The Collapse
- Ben Kemper
- May 9
- 3 min read
A new play by Selina Fillinger
Or: Death and Honey
“You Hep Cats want to know how the world ends?” Always an intriguing way to start a play, especially when underscored by a smooth jazz trio with a hint of buzz to it (snaps to composer Brian Lawler). Doubly so when the speaker is a Beatnik Bee (Pearl Rhein), ready to smoke, smolder, and lay it out for the lonely warm bloods out there, reminding through rhyme and sultry illusion the sweet and sticky ways of nature, all slick with sex and smelling of death.
Our apian poet serves as master of sermons and onstage band to the action of Selina Fillinger’s Sloan Commissioned play The Collapse. Set in a wild-fire plagued Californian summer on a rural research station, we meet Viola (Gretchen Corbett) a renowned entomologist with a passion for bees, one of their truest defenders. Viola is kept afloat by her staunch hearted assistant Olga (Zuzanna Szadkowski) and this summer’s intern Alice (Sarah-Anne Martinez), whose packing some secrets along with her net and gloves. Add to this the struggles with Viola’s naighbor and ex-husband Leo (Roberto De Felice) and his fiancé Taylor (Heidi Armbruster) and you have a web of secrets, loves, and passions linked from each to each by tenuous filaments, the makings of a small hive about to swarm.
The lives of Entomologists, the lives of any scientist, is harder to tell stories about then it should be. The passion, the story, the sensuality, the treasures of any life is there, married to the infinite wonders of the natural world. But it’s so hard to translate it to playable action or enrapturing words, especially when in the shadow of extinction. What Fillinger does so beautifully is capturing the wild world of bees and other pollinators and the threats laid against them by agriculture and climate change, laid in shadow play against the human struggles that are neither jargon filled nor over simplifying nor make you want to walk out and throw yourself under a bus.
Instead we are treated (under the direction of Margot Bordelon) to Fillinger’s symphonic speech that’s blend of dramatic writing, natural without being tedious and poetic without being flowery. Her scenes hum with the same riveting fission (the same anticipatory buzz) when her characters are in the middle of seduction or a battle or watching the wild fires creep closer to the camp. The Collapse is replete my favorite theatrical device, when something unsaid passes under a characters word and they and their audience come to the realization at the exact same time (particularly for Alice, for whole Martinez skates swiftly over the ice of her past and future, trying to outrun the cracks).
Bordelon is an apt collaborator for such a play. In the confines of a Zoom performance (and this play begs to be put on the stage where skin can touch skin and the gasps and cackles of the audience can echo) she’s coaxed a living intimacy. Particularly with Corbett (a performer so magnetic as to make the viewer her scene partner almost,) and Szadkowski whose deft hand for comedy underscores a perfection for understatement and yearning. Their chemistry takes us away from a zoom play and puts us into a theater of the mind, the small intimate space with all of us sharing the same air, the same heat, just with the audience having really, really good seats.

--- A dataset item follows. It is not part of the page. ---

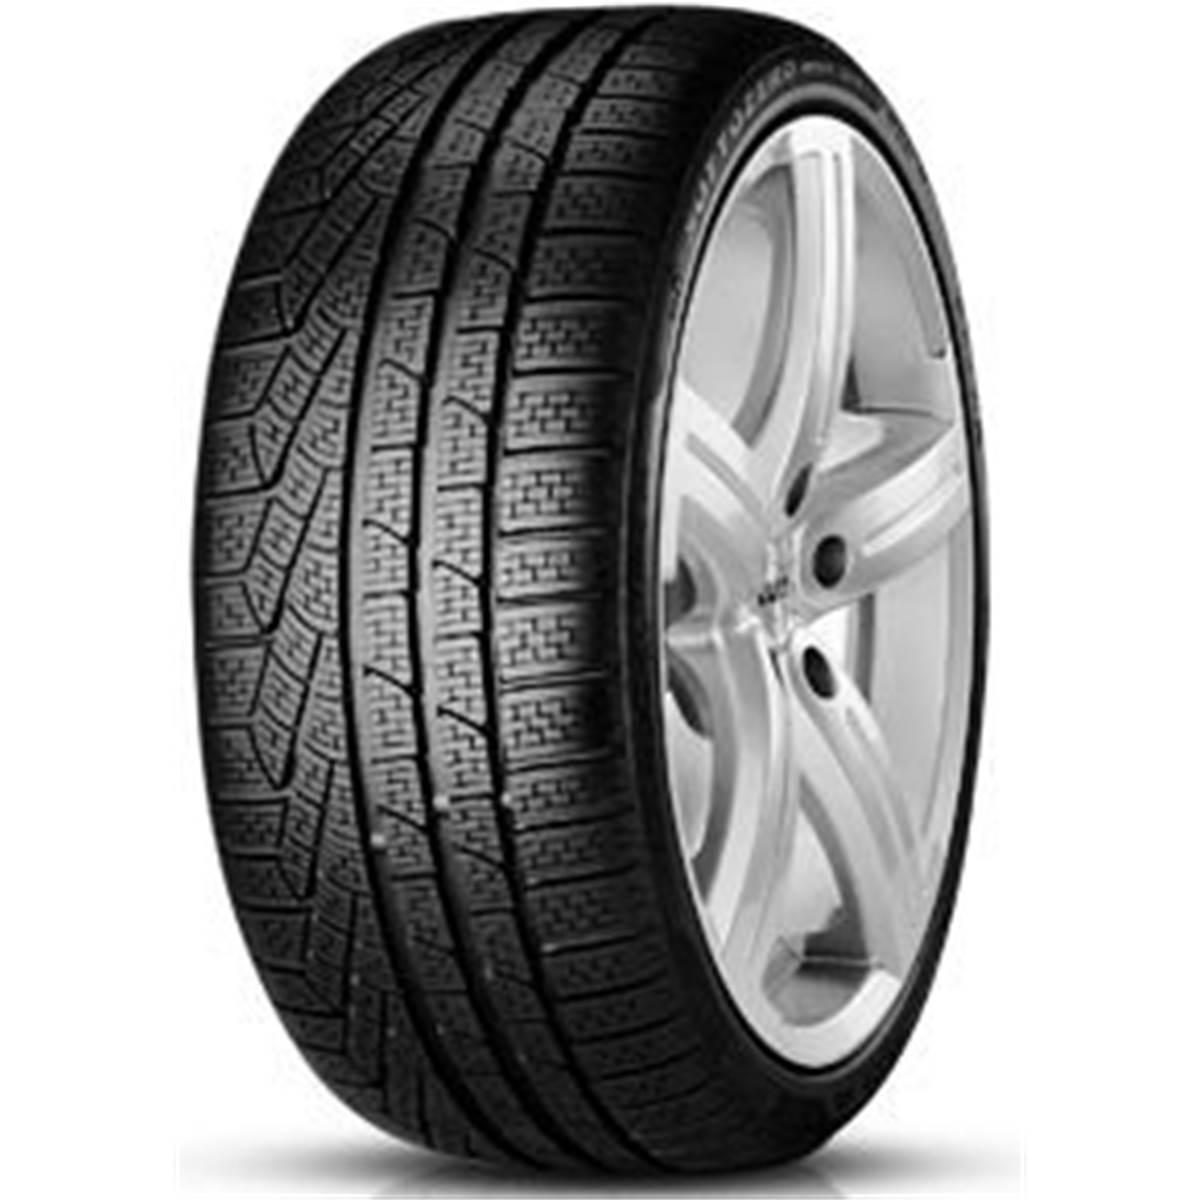 Pirelli Winter 240 Sottozero Ii Xl

De Felice also gives a performance of note, the farmer made good who’s pulled, drone like, into a relationship he knows will ruin him, showcasing both the arrogance that destroyed their marriage and the sweetness and care to show what Viola still sees in him. A point where she finger-feeds some of her hives treasure for a sore throat (“You know where I keep my honey.”) detonates a storm of butterflies in the stomaches of the stoniest of viewers. And Armbruster is a delight, leaping from the screen with radiant energy and peeling away Taylor’s Good Ol’ Gal grit to something perpetually surprising. She particularly relishes in the plays sharp jabs of dialog that either tickle us to gaps or leave us with breath cut short.
The Collapse is that perfect science play that teaches indirectly, that opens the eyes to the natural world and forces us to take interest, real interest in the works of others, and not be so done up in our cycles of avoidance. You have to listen with a little less mammal and a little more bee,” Rhein grins over her microphone. It doesn’t just tell a story but a parable, of energy released, the relinquishment of our driving fears in the name of connection with our wildly unknowable fellow creatures.